有几个年轻的翰林,走到宫门外的照壁后面,站住了。
互相看了一眼。
没有说话。
但眼神里的意思,彼此都懂。
也是时候......
该想想后路了。
陈文渊走在最后面。
他的步伐很慢。
比平时慢了一倍。
七十二岁的老人,今天看起来像八十二。
他出了殿门,站在汉白玉台阶上。
冬日的阳光落下来,照在他花白的头发上。
光线很亮。
但暖不起来。
陈文渊仰头看着天。
天很高,很远,灰蒙蒙的。
几只乌鸦从殿顶飞过,叫声嘶哑。
他站了很久。
身边的官员一个接一个走远了。
最后只剩他一个人,站在空荡荡的台阶上。
风吹过来,吹动他的官袍下摆。
陈文渊喃喃说了一句。
声音很轻。
轻到像自言自语。
“大乾......怕是要亡了。
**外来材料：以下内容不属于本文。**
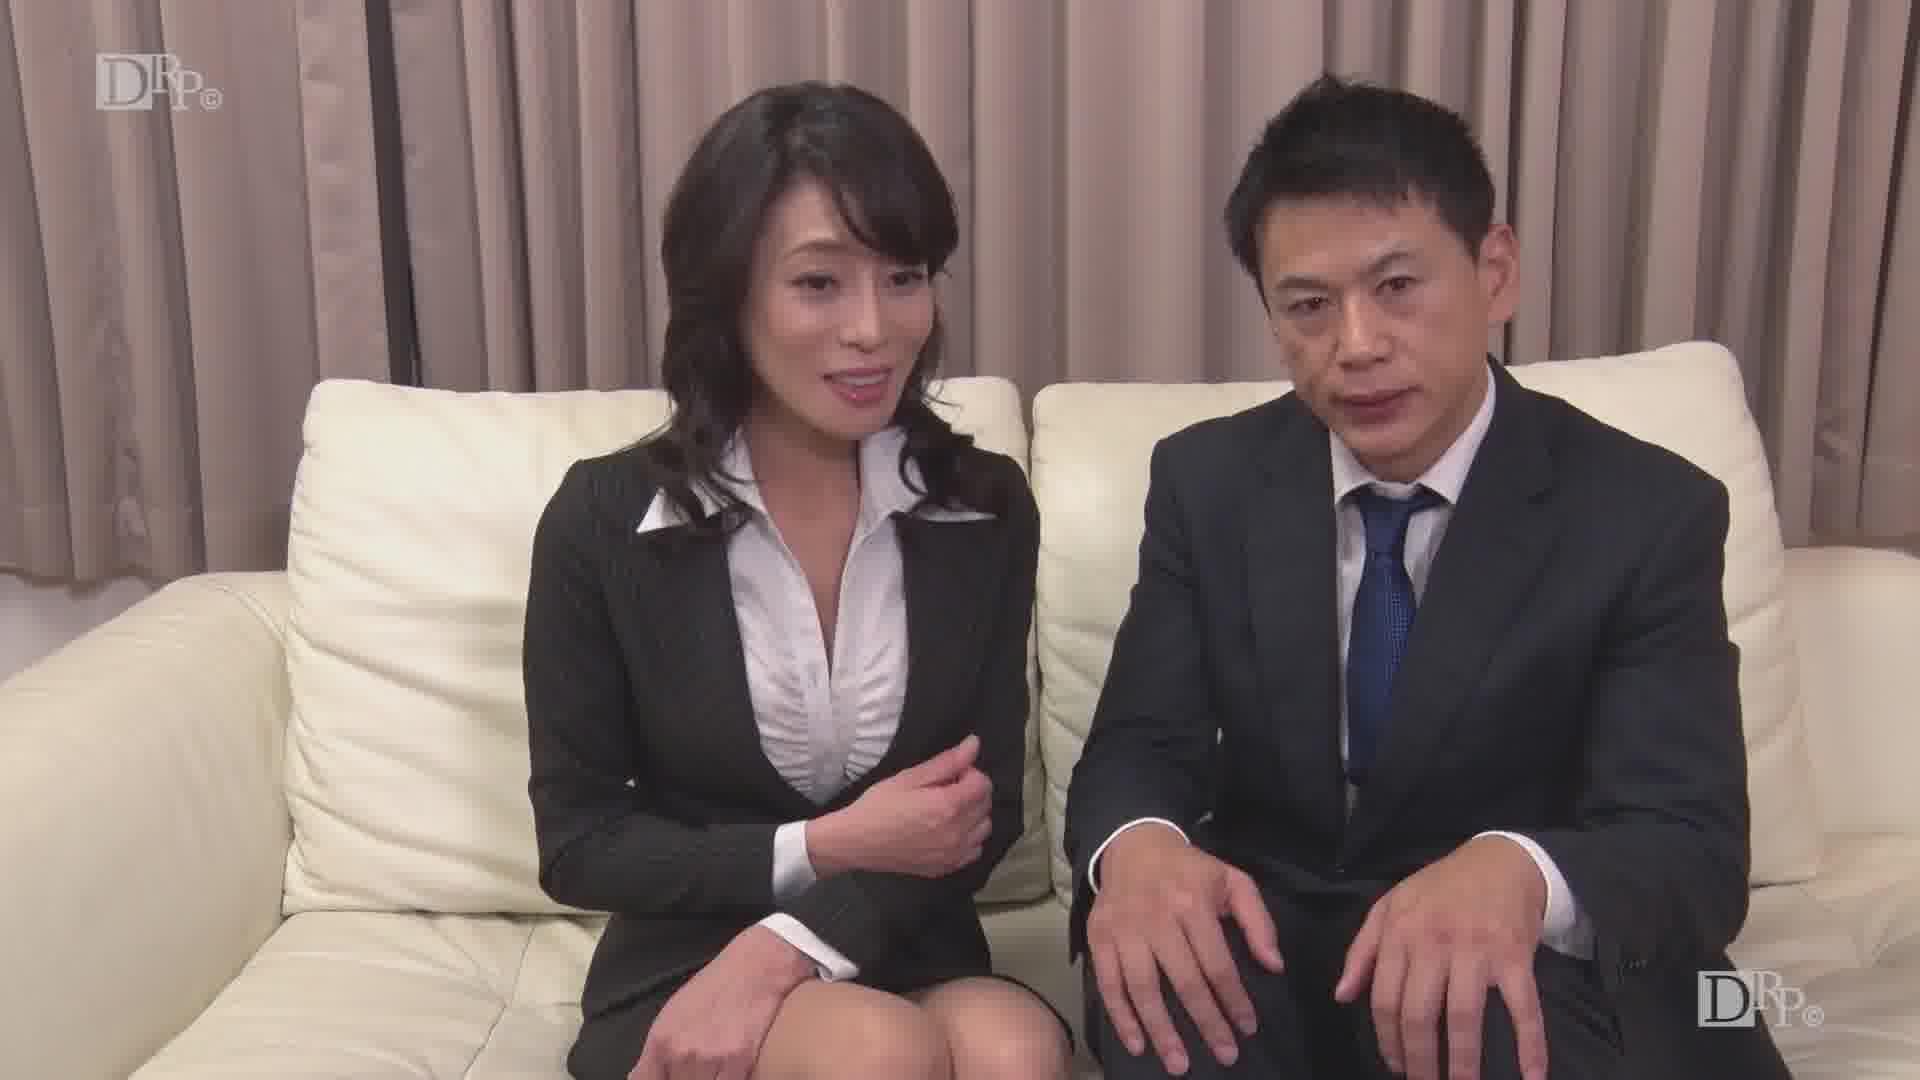 熟女スーツの下はグッチョグチョ - 北島玲【イラマチオ・巨乳・中出し】
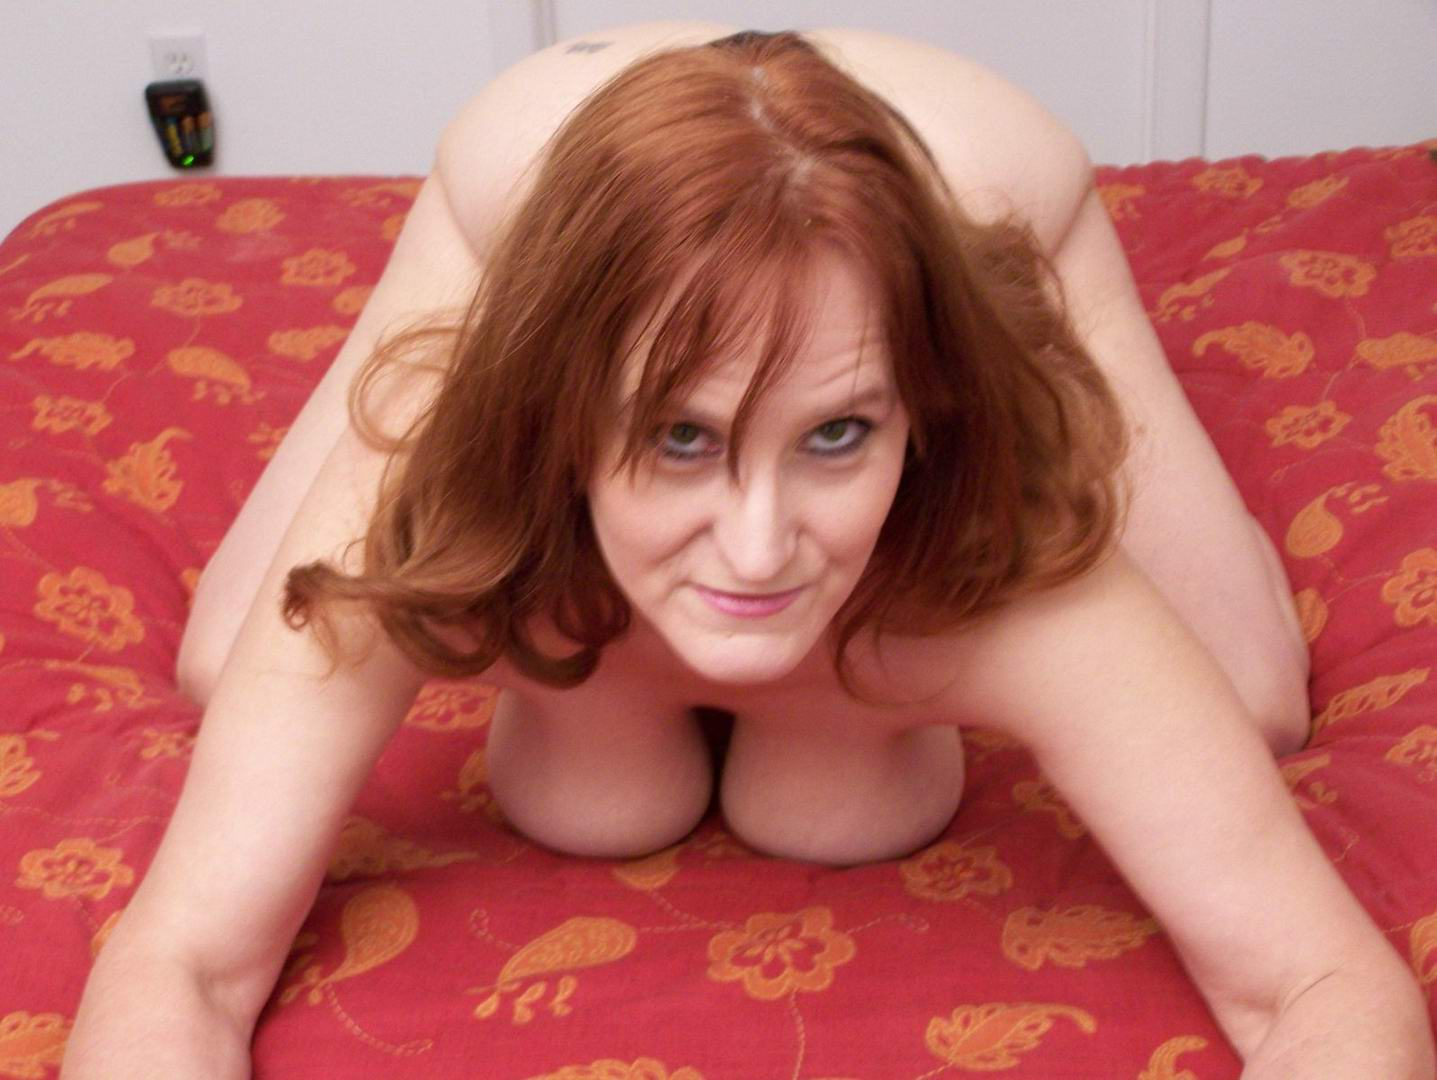 rijpe vrouwen sexdating escort baan

”
没人听见。
或者说,听见了也没人敢接。
他缓缓转身,走下台阶。
身后,殿门缓缓合拢。
两扇朱红色的大门,像两只合拢的手掌,把里面的一切都捂住了。
门里。
田野独自坐在龙椅上。
大殿空了。
文武百官走了,内侍退了,连殿角的宫女都被他赶出去了。
偌大的太和殿,只剩他一个人。
和满殿的金碧辉煌。
田野的手里还攥着那张羊皮国书。
羊皮被他的汗水浸湿了,字迹模糊了。
但他没有松手。
这是他唯一的救命稻草。
哪怕这根稻草上,绑着大乾的半壁江山。
哪怕这根稻草上,写着他田野的千古骂名。
他不在乎了。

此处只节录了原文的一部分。